Tuesday 21 July 2009

Heavy Metal Rain

The Rock Marathon of Secklerland. Székelyföldi Rockmaraton for the initiated people out there.

Every year, a group of very admirable people put together a festival based on rock and metal music. Hungarian rock and metal music, for the most part. Then all the metalheads from Transylvania and beyond gather there for a few days of nothing but drinking beer, banging girls, headbanging, getting rained on, sleeping in tents and generally having a good time.

I, too, have visited this festival a few times and while I have never stayed the full length of it, I still got quite the taste of what it is like to be a part of it.

This year I went to see three bands : Piramis, Pokolgép and Agregátor. Classic rock, heavy metal and gothic/death metal. Three very different genres, three bands I like a lot nontheless.

The weather there is quite fucked up. It usually rains in the afternoon, and because the stage is located at the bottom of the valley, all the water pours down there, creating a moshpit that even a mudwrestling championship could envy. This year however, when we got there, everything was pretty dry. Yay. I hoped I wouldnt have to be cleaning by boots for the next few days.

Met up with some friends, had a few beers [their treat] and then off we were to the first concert.

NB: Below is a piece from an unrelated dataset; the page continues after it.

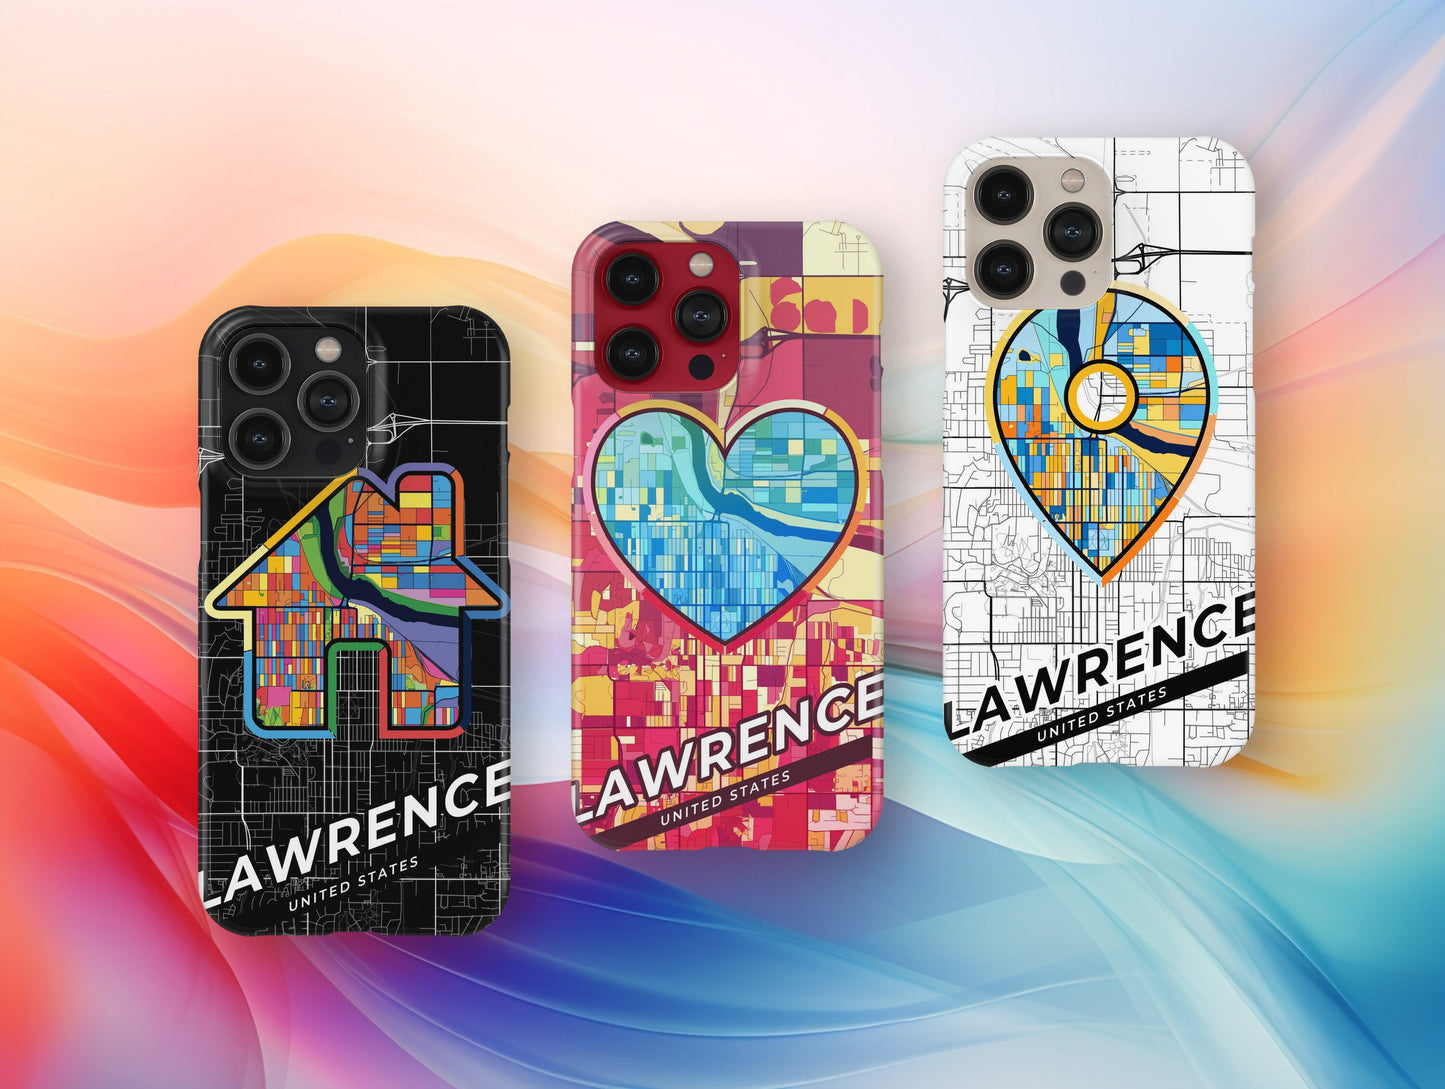 Lawrence Kansas slim phone case with colorful icon. Birthday, wedding or housewarming gift. Couple match cases.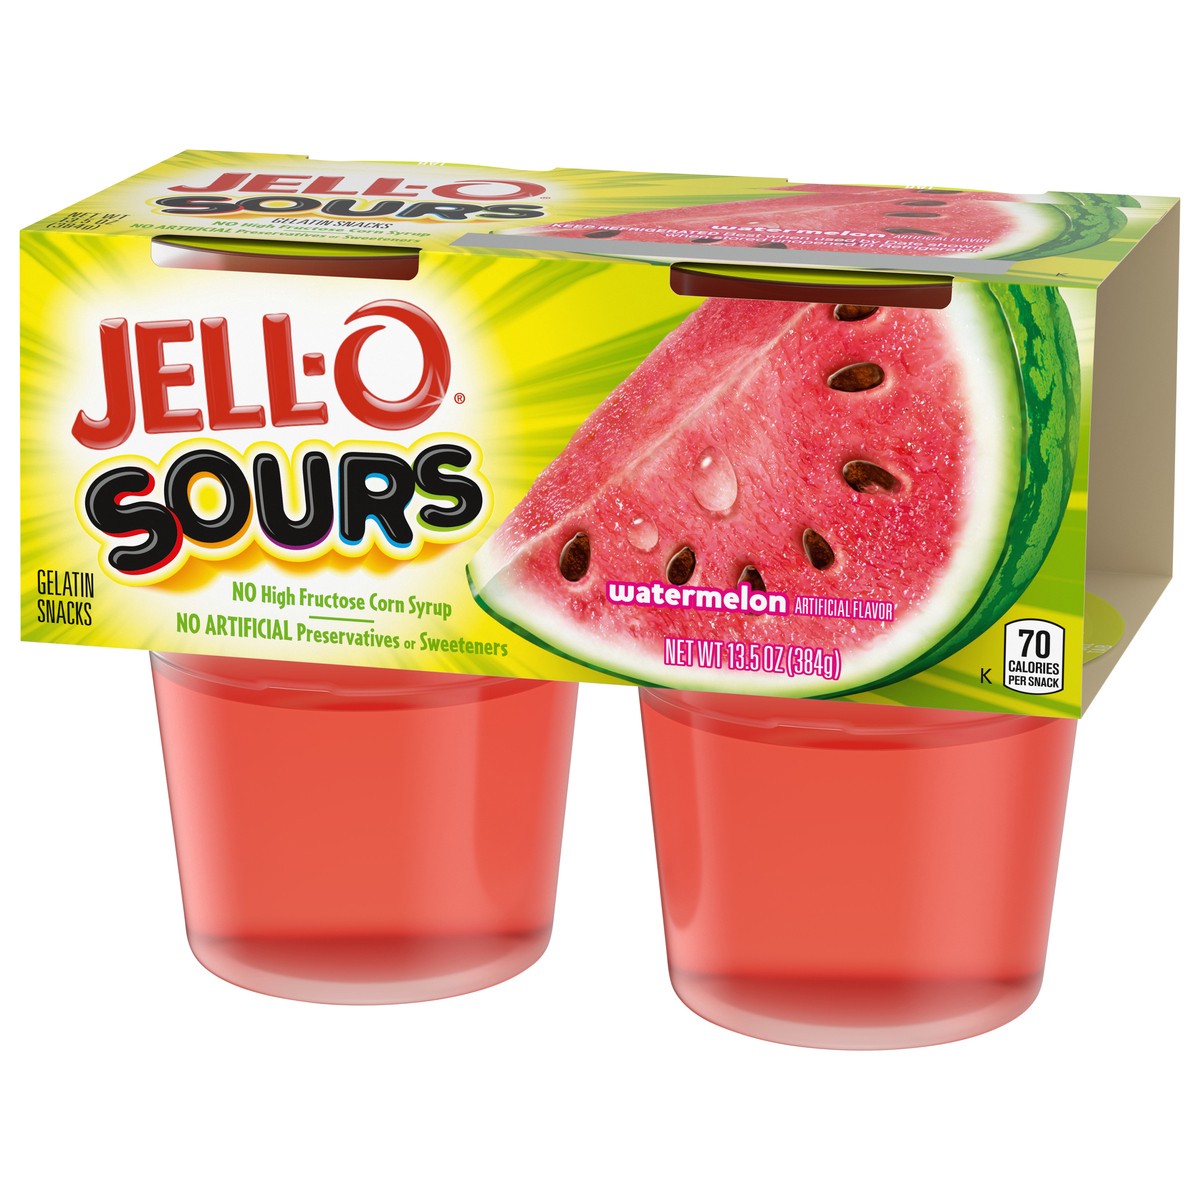 slide 9 of 9, Jell-O Sours Watermelon Ready-to-Eat Jello Cups Gelatin Snack, 4 ct Cups, 4 ct

A dear friend came with me and he spent most of the concert with his arms wrapped around me and we sang the familiar tunes together. I was getting kind of nostalgic. But I won't get into that. The basic thing is that we managed to get front row, center, as thats is where I usually stand during concerts. Because he was there behind me I was well-protected from all the drunk, fat, huge men around me. Plus the music was not something people headbang to like madmen. It was okay.

Then it was time for Pokolgép. My friend left and I was there, front row center, before a heavy metal concert, alone, surrounded by - as I mentioned before - drunk, big, fat, ugly, old, possibly crazy people. I tried to look cool and calm and everything and thought 'Hey, this might not be so bad. My boots help me not to feel if I'm stepped on, the railing is here to help me hold on. What can go wrong?'

And then I waited and waited and waited for them to set up the stage, do the soundcheck and get ready in general.

Finally, the first few riffs came trembling down into my ears. And then the rain also started trembling down from the sky. Goodie.

And then the concert started with an excellent song to headbang to. Thats when the fun started. Everyone wanted to get to the front row, pushing and showing little me from side to side. Did I say oh eff this and go a few rows back?

Oh hell no.

I held on to the railing like one clings on to dear life, getting my hands twisted and my body squished. But I didnt give up my spot.

At some point a mountain of a man started pushing me again. I shouted at him asking what the hell his problem is ,he said I took his spot. I shouted something about his mother back at him, and then a bodyguard came and took him away. Sweet, sweet passive-agressiveness finally bore its fruits.

After this little incident I could finally enjoy the concert. The rain didn't stop for a second, oh no. It was pouring down, as if to the rythym of the guitars and to the beat of the drums. And my hair was getting really, really soaked.

Have you got any idea how much better it is to headbang with wet hair? Also, how much it hurts other people when I hit them with said hair?

It was just me, the band and a sea of people I didnt know. I felt like I owned the place. The songs were excellent. The sound was excellent. And then they started to play a slow song. I relaxed a bit and took my time to look around. The rain was illuminated by the powerful lights. Yellow, red, blue, green. Yellow, red, blue, green. As if all the elements were raining down on me. Molten gold, sweet blood, salty tears and bitter absinthe.


The atmosphere was something that can not be retold in words. The crowd slipped away, the band faded into obscurity, it was just me and the music and the rain. If there is such a thing as paradise, I think I just got a taste of it.

And people wonder why I want to pay to go see live concerts in stead of just listening to songs on the computer. Those people should really go see what the deal is about.

These are the things that make one feel alive. Or, at least, some of the things.

What's important is that I will not stop going to rock concerts until I am bound to a wheelchair or I am pretty much dead. Then again, who knows what concerts are held in the skies?